Editors note: This article was written some 3 years ago. We have edited out dated comments but left the principal arguments of the author untouched. We use it as our feature article this month on the day that the Federal ALP will decide whether same-sex marriage will become part of its policy platform.

If same-sex marriage is ever approved in Australian let me make a prediction. In about 30 years, we will be shaking our heads at yet another failed social experiment.

All the hallmarks are there. Like many other failed social experiments before it, the same-sex marriage agenda is driven by a blinding rush of idealism filled with the best of intentions. Under the guise of multiculturalism, we allowed a laudable desire for tolerance to morph into Balkanisation, separatism and contempt for Western values. Seduced by slogans, we verge on beginning another disastrous social experiment with same-sex marriage.

As always, the rhetoric is first-rate. Inclusion, tolerance and equality of minorities are proffered as the philosophical reasons for gay marriage laws. Ergo, those who question gay marriage must be intolerant types who eschew these basic human rights. When the federal Government indicated it would move against proposed ACT civil unions law, critics were quick to conjure up a gay version of the White Australia Policy.

Advocates of same-sex marriage say marriage is a private affair between two consenting adults, regardless of gender. Therefore, gay marriage is all about ending discrimination. It's a sweet idea, this notion that marriage is just private love sealed by the state. But it ignores our learned wisdom from human experience. The state has a long history of defending traditional marriage not because it likes to put its stamp of approval on love affairs but because of its institutional value: marriage has withstood the test of time as the best way to rear the next generation.

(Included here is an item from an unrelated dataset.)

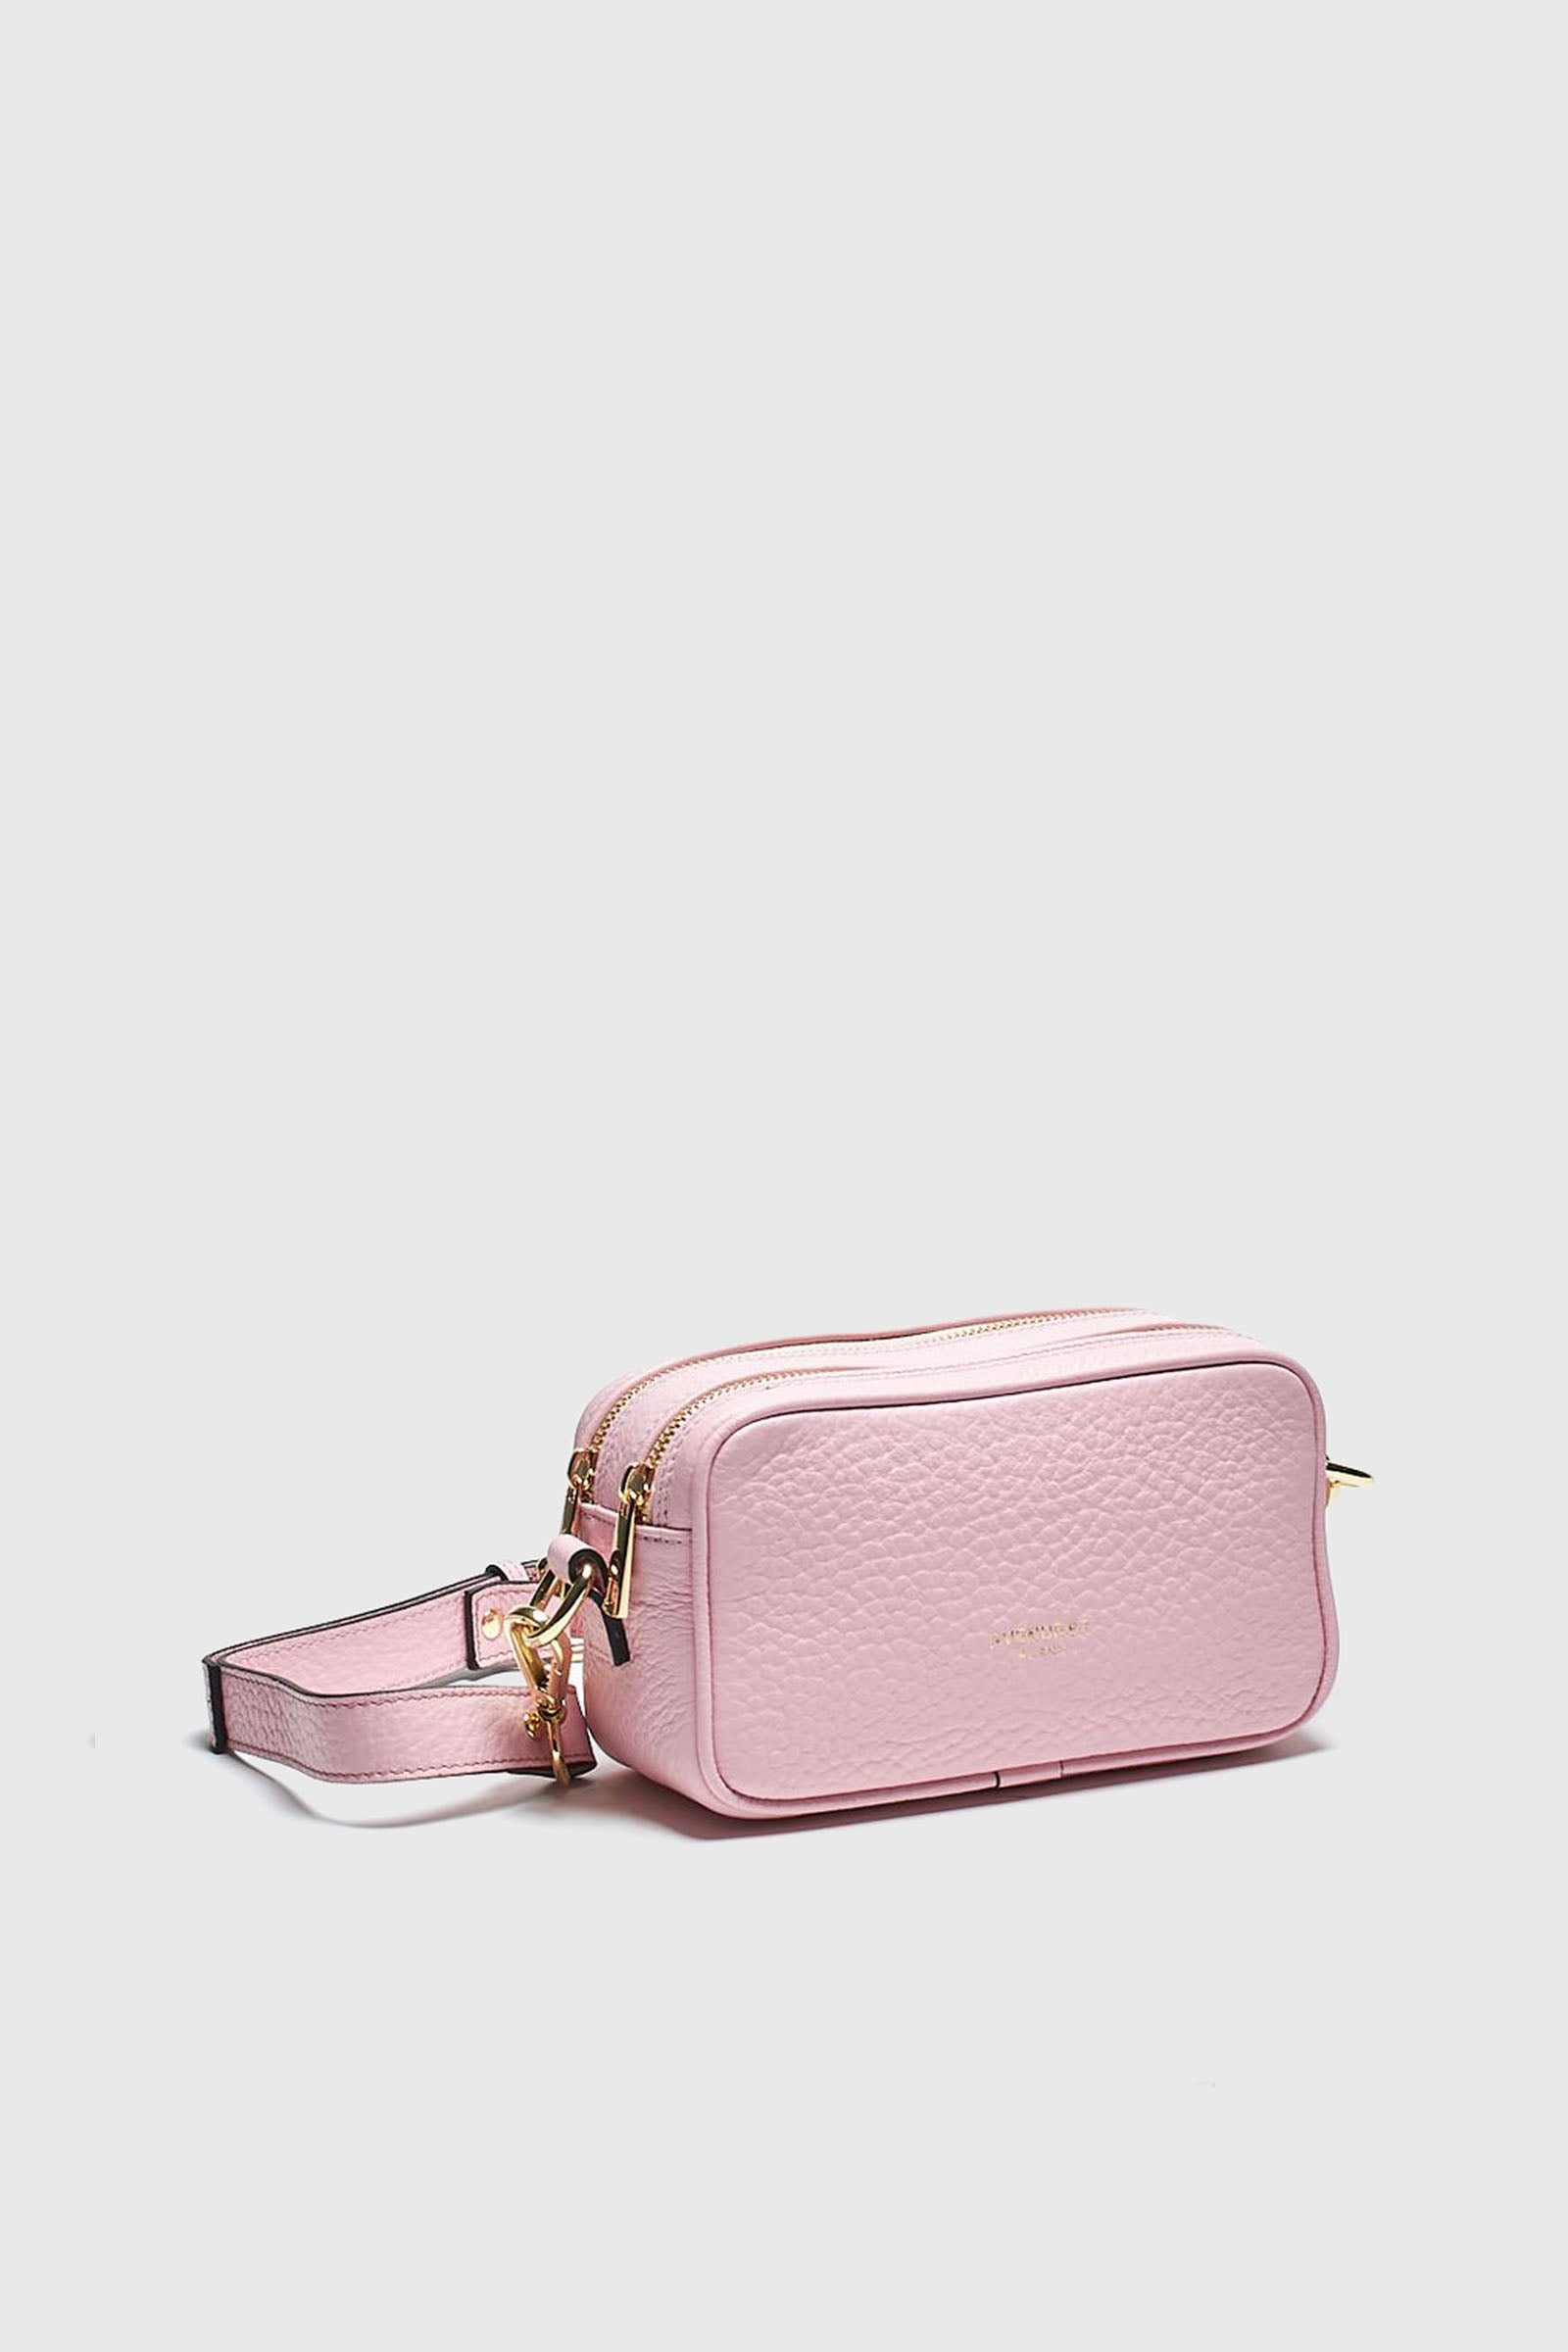 Avenue 67 Gabrielle Leather Bag Pink - 3

Circumstances and human fault sometimes get in the way of children being reared by a mother and a father. But to suggest that marriage is just about love between two adults ignores the fact marriage is a social compact between a mother, a father, children and the state. The state has always protected marriage because, in a nutshell, it guarantees society's future. The discrimination divas and dons will twitch at this, but treating homosexual unions differently from marriage is not discrimination.

Are same-sex relationships different from traditional marriages? Of course they are. The procreation and nurturing of children in a marriage is a central building block of society. Which is why the state has an interest in keeping married couples together rather than allowing parties to end the relationship in a huffy moment by shooting off a letter to a bureaucrat.

If the philosophical case for gay marriage is messy, the practical consequences are downright scary. Once you say that gay marriage and traditional marriage are legally the same, certain things follow. School children are taught that there is no difference between same-sex marriage and traditional marriage". From the self-centric vantage point of adults, that giant leap may seem cosy and inclusive. But children are likely to be the biggest losers. Because, let's face it, the push for gay marriage is proving to be the precursor to gay adoption.

In Spain, where gay marriage and gay adoption have been sanctioned by the state, the idea of a child having a mother and a father is about to be relegated to the past. As religious scholar George Weigel notes in Commentary magazine, the Government has announced that the words mother and father will be removed from Spanish birth certificates. Instead, a child's parents will be listed as Progenitor A and Progenitor B.

A society that so readily disregards the role of mother and father is embarking on a dangerous social experiment that clashes with biology and human nature. It is an experiment premised on the rights of adults to have a child, not those of a child to have a father and a mother. Once again, there is much sweet talk about love. Children in same-sex marriages may be surrounded by love. But deprived of a mother or father, we simply don't know enough about the outcomes for those children reared in gay marriages.

And, as with other social experiments pursued in the name of tolerance, the agenda for same-sex marriage and same-sex adoption has introduced an aggressive and intolerant secularism. One of the oldest adoption agencies in the US, the Catholic Charities of Boston, is being forced by state discrimination laws to stop arranging adoptions because it opposes gay adoption. So in Massachusetts it is, in this respect at least, illegal to act on your religious beliefs.

These are early hints of where we are headed if we rush down the road of same-sex marriage. They all point to an experiment that, once again, will end in tears.